Archive for June, 2008

Coming Home

“You have to do what you what you have to do in order to do what you want to do.” This quote made so much sense while I was floating around in my mother’s kayak on the pond behind their house. I placed a card in my camera that had already been used for a conference I photographed in Washingon, DC just a week prior to leaving for New Hampshire. While I was paddling around the pond I realized the card was full with conference images and I wasn’t going to be able to make photographs of this fleeting scenery without having to delete pictures from the card.
It’s hard to make anything visually interesting of someone standing at a podium giving a speech. In fact, having sat through a number of verbatim Powerpoint presentations, I’m convinced that attempting to do so is only dishonest. Regardless, when I looked at the back of my camera as the sun was casting a warm glow over me in the middle of my parent’s pond, I realized the steps that it took to place me here, in the middle of this pond, in New Hampshire, with my parents.
I deleted images of speaker-on-stage after speaker-on-stage to make room for what I was seeing in the water.
There was a point in the past when I was amazed by what I could reproduce with this magic mechanical light box. It was good to know that I could return home and relive this all over again.

Robin Hood

The manager overlooking the wood lot peeks into a pile of logs at Collins Hardwood in Kane, Pennsylvania. A robin built a nest in a nook within the logs and laid her eggs. The company halted all work on the pile until the robin was through with parental business.
Wood. It’s a beautiful thing; the way it looks when sanded smooth and coated with a satin finish. The warmth it adds to a room is unrivalled in building materials. Whenever I walk into a home and see wood coated with layers of colored paint I often shake my head in a disbelief and disapproval. How could someone cover the beauty of wood?
Wood happens to be a renewable resource, meaning if you cut down a tree, plant a seed and take care of the land another tree will grow back. Nature does some crazy things. All too often though, the process starts and stops with the cutting down of the tree and then the using of it for our various purposes. The other stages of the renewable process are neglected. This is unfortunate, but there is hope.
The Forest Stewardship Council (FSC) is to the woods as the National Organic Program is to food, sort of. An “FSC Certified” piece of wood ideally means the wood came from a place like Collins Hardwood in Kane, Pennsylvania, where sustainable forestry is practiced and forests are in a constant state of renewal.
My visit to Collins was the beginning of my summer project. The Pennsylvania stop was eye-opening and gave me hope in the future of trees, our forests and humanity.
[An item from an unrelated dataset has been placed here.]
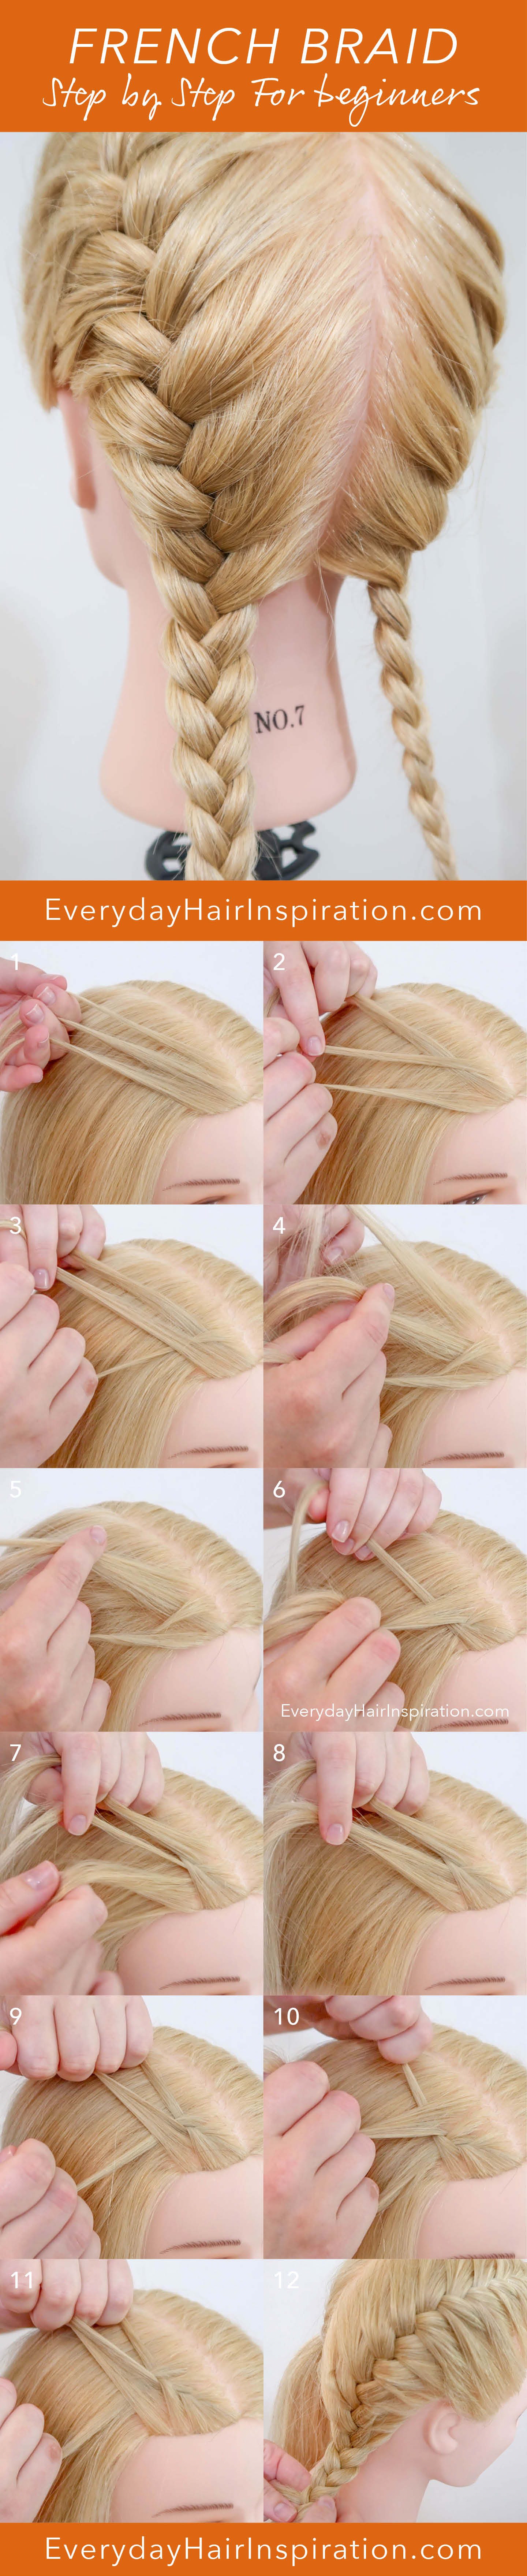 French Braid Up Do · How To Style A French Braid · Hair Styling on Cut Out  + Keep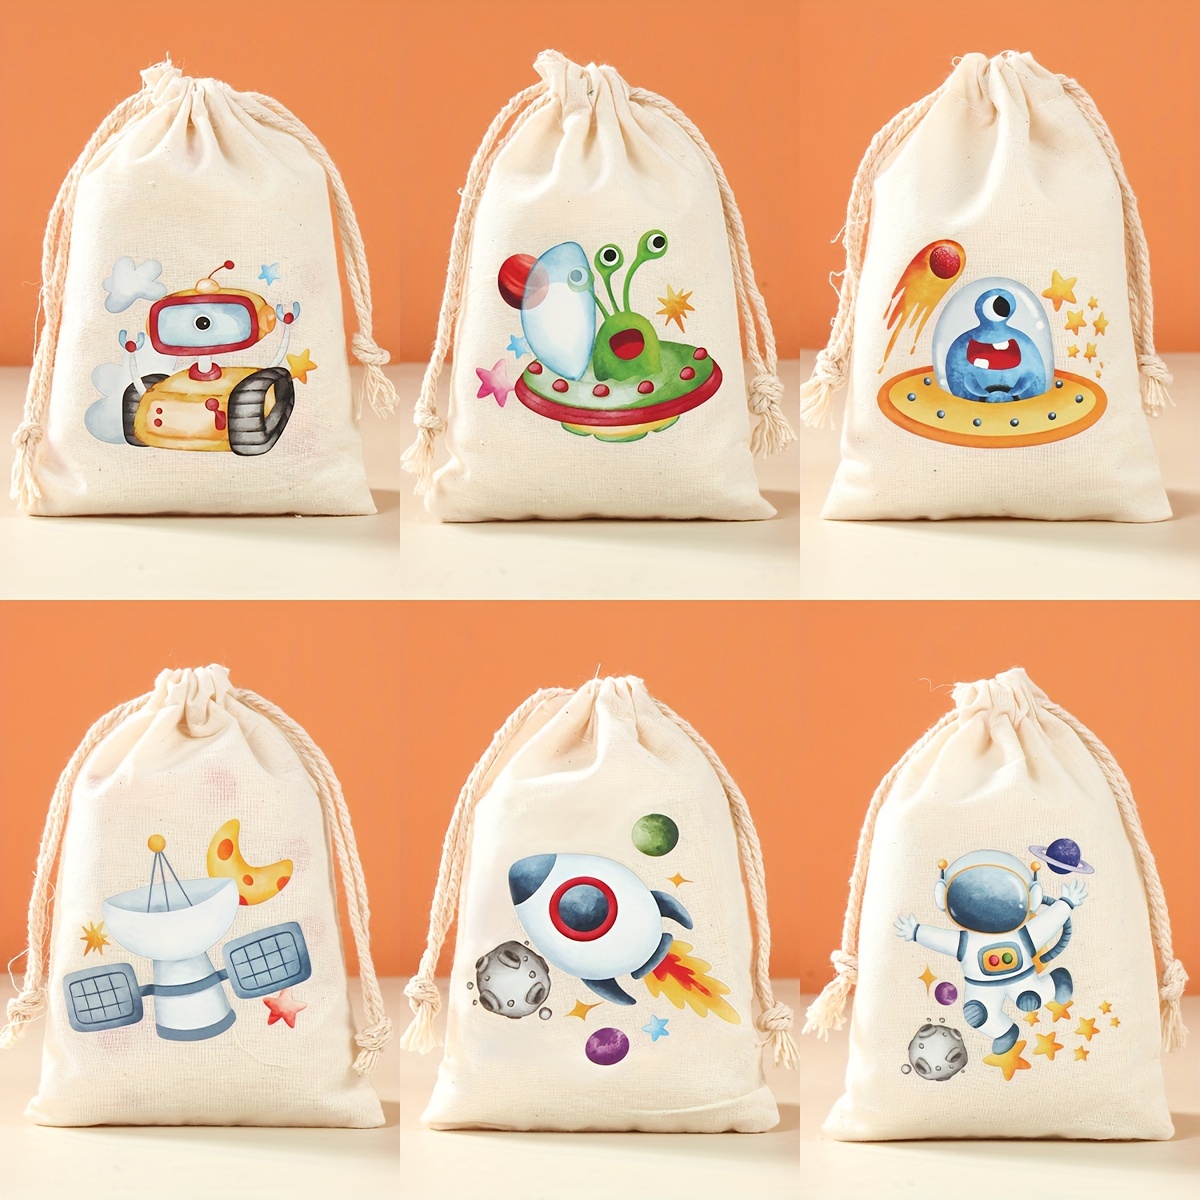 

6pcs/set Astronaut Cotton Gifts Bag Spaceship Theme Alien Planet Astronauts Birthday Party Decoration For Guests Happy 1st Birthday Supplies Packing Bags

Gas Prices? How about water prices?


Folks, let’s seriously think about this. Yes, gas prices have gone up drastically, and it has made me think twice about driving somewhere when I could walk or put it off till a more efficient time, but couldn’t this be a blessing? The rest of the world, aside from countries who subsidize gasoline, have been paying these prices for the past couple decades. There is a reason the most efficient and successful car companies weren’t founded in Detroit.
I checked into my hotel room in DC and pulled this bottle of water out of the refrigerator. I then saw the price, $6. Sure, hotels aren’t known for bargain prices, but this was water. Nothing special. It claimed to be “still.” I’m not sure what this means, but I wasn’t about to pay $6 for any bottle of water.
The news and people’s conversations are constantly filled with how high gas prices are. Where is all the talk about water prices? We NEED water. The average bottle of water purchased out of a vending machine is $1.25 for 16 ounces. That’s $10 a gallon! I’ve heard talk about cars being made that will one day run on water. If the price of water and the consolidation of our aquifers continues to grow I’ll be riding my bike more often and collecting rain water to drink.
To find out more about water and the bottled water debacle take a look at AllAboutWater.org. There is a section on the site specifically dedicated to bottled water. They point to studies that have tested Coca-Cola’s Dasani bottled water as well as 103 other varieties. The findings state that an estimated 25% of the bottles of water were just filtered or sometimes unfiltered tap water!

Preparations

The summer is beginning and I’m just getting ready to embark on the National Network of Forest Practitioners (NNFP) Photography Fellowship. It will be a cross between documenting “Rural America” and sustainable forestry in the New England area. So I’m returning to my roots for a few months.
For the project I’ll be using both film and digital. This image was made on my first roll through my newly aquired Mamiya 7 I picked up from a friend of a friend. I love the format of this camera, between a square and rectangle, and the color palette of this particular film, Kodak 160NC. It should be a perfect combination for the summer project.

Fashionable Love

This couple was strolling ahead of me in the streets of Helsinki, Finland. I was drawn to the shapes their arms made and their obvious style and beauty. In Finland there was a mix of the blonde-hair-blue-eyed Scandinavian striking beauty with what I always thought of as a Russian physique. They were also very well, neatly dressed.